My mother went on a different journey. It is also a religious journey. Fundamental to him was the idea of ​​forgiveness. I took a more mundane path. I was more interested in understanding and finding peace than forgiveness.

Five years ago, I went to Paris to find the man who organized my father’s murder. […] I learned that he was very sick and I thought he didn’t have much to live. So I tracked him down, wrote to him and said I wanted to see him.”

Have you ever come face-to-face with any of the people involved in your father’s murder?

Yes, during the first trials. Then, five years ago, I went to Paris to find the man who organized my father’s murder. This man, Giorgio Pietrostefani, is almost 80 today and fled to France to avoid going to jail during the trial. I learned that he was very sick and I thought he didn’t have much to live. So I tracked him down, wrote to him and said I wanted to see him. And we met one morning lobby great hotel. We talked for half an hour. I saw a different man than I remembered. A very old, tired man. As we sat down he asked me: “Am I talking to the journalist or to Luigi Calabresi’s son?” So I told him “talk to his son”. In fact, I never wrote down or told what we talked about. I asked him all the questions I needed to ask him and he gave me all the answers. It was very important to me, and also to my mother and siblings. He was kind of like a ghost to us, and instead he stepped in to tell me what he knew, everything that was important to me.

How did it make you feel?

I felt like I could turn the page.

Did intellectuals like Sofri do the necessary self-criticism or not?

Many did, but Sofri did not. Sofri has never made a real, deep self-criticism. He is still a prisoner of his character. He was the leader of the organization and if he had made a real self-criticism, he would have had to question the organization he founded and he could not take this last step.

Is there any doubt today that the four detainees are actually the culprits of the murder?

To be honest, no one in Italian society except Sofri has any doubts. Because over time, those who defended him and said “no, it wasn’t”, have adopted silence today. And when I meet someone by chance, as happened to me with a former terrorist from the Red Brigades, they say to you in a low voice: “Yes, of course it was them, we all knew.” But they don’t want to say it openly.

Did any of them apologize or give you an explanation?

yes two quarters [no quiere decir cuáles]

Is the whole truth of what happened in the “lead years” already known, or are there areas of shadow?

The overall picture is clear. We know what it is. But as in the old Byzantine churches, with those mosaics with lots of small fragments: if you look at it from afar, the design is very clear. If you get too close, you’ll find that many pieces are missing. Some parts of the truth in Italy are missing. For example, in my father’s case: we know who was driving the car, who fired, who was the leader of the organization and who organized the murder. But then we just think we know, because he was never convicted, who went after my father the day before, who took the gun, who accompanied the murderer to the police station… Who are they? Did they become famous journalists, politicians, university professors…? I know this. I ran into one of them in the elevator one day. A famous journalist. I know this person was following my father on a motorcycle in the days before the murder. In the elevator, that person extended his hand to me. You know why I hid my hand. No court said, but you know. He bowed his head, I said.
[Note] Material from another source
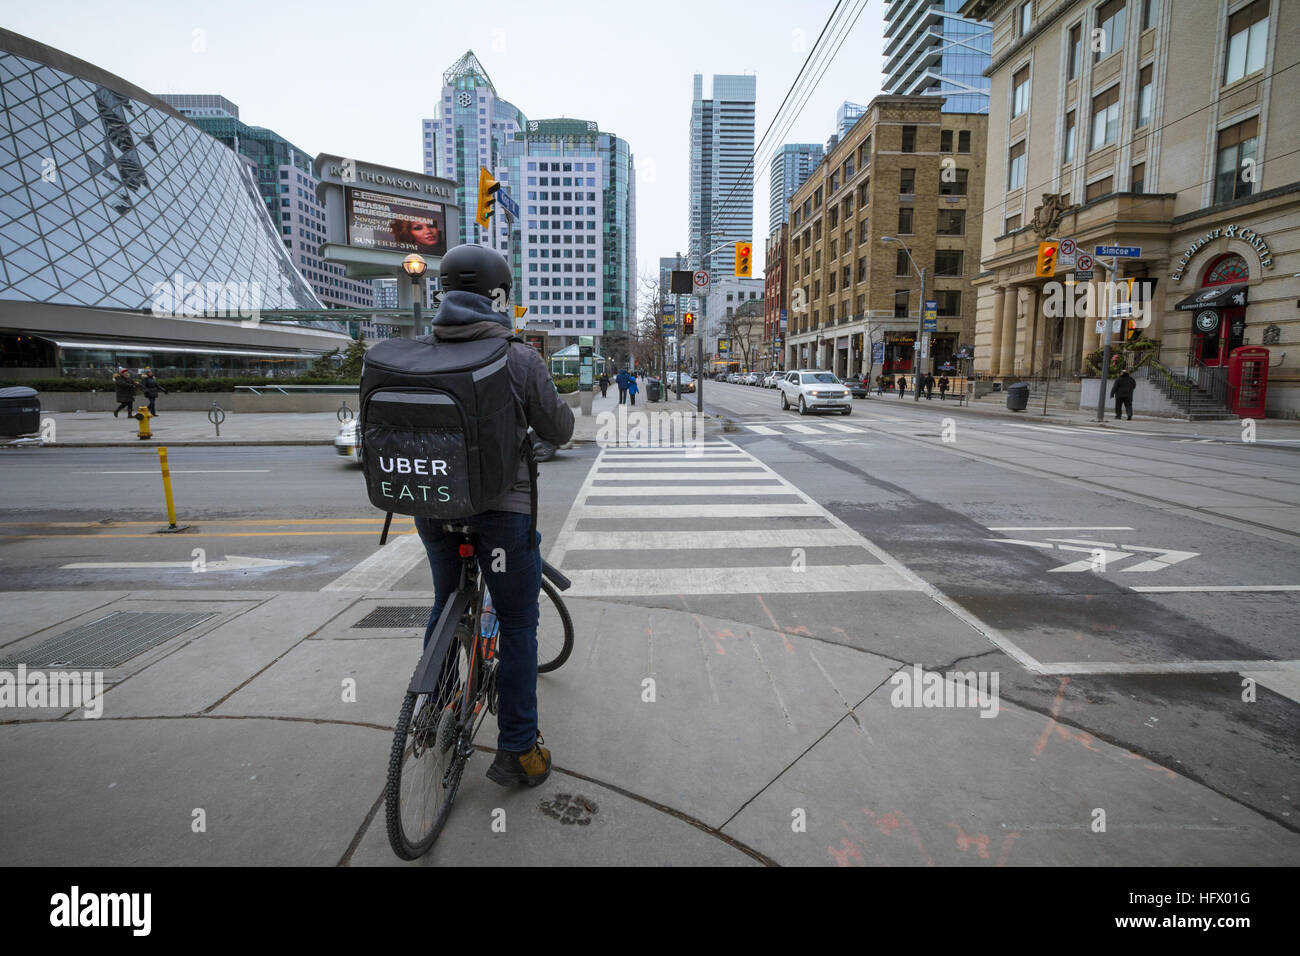 TORONTO, Canadá - 31 de diciembre de 2016: Uber come hombre entrega sobre una bicicleta esperando para cruzar una calle Foto de stock

Being in the Meloni government, originating from MSI [neofascistas que participaron en la estrategia de la tensión]Does it represent a return to that dark time of lead years?

No. I have no political respect for Giorgia Meloni. I do not share your ideas. But we cannot think that the massacres perpetrated by the far right have anything to do with fascism. Just as I refused to refer to Massimo D’Alema, the first Italian prime minister from the Communist Party, as being “linked to communism in government and left-wing terrorism” by the right. But I think Meloni has a problem with being accountable to fascism and the history of neo-fascism in Italy.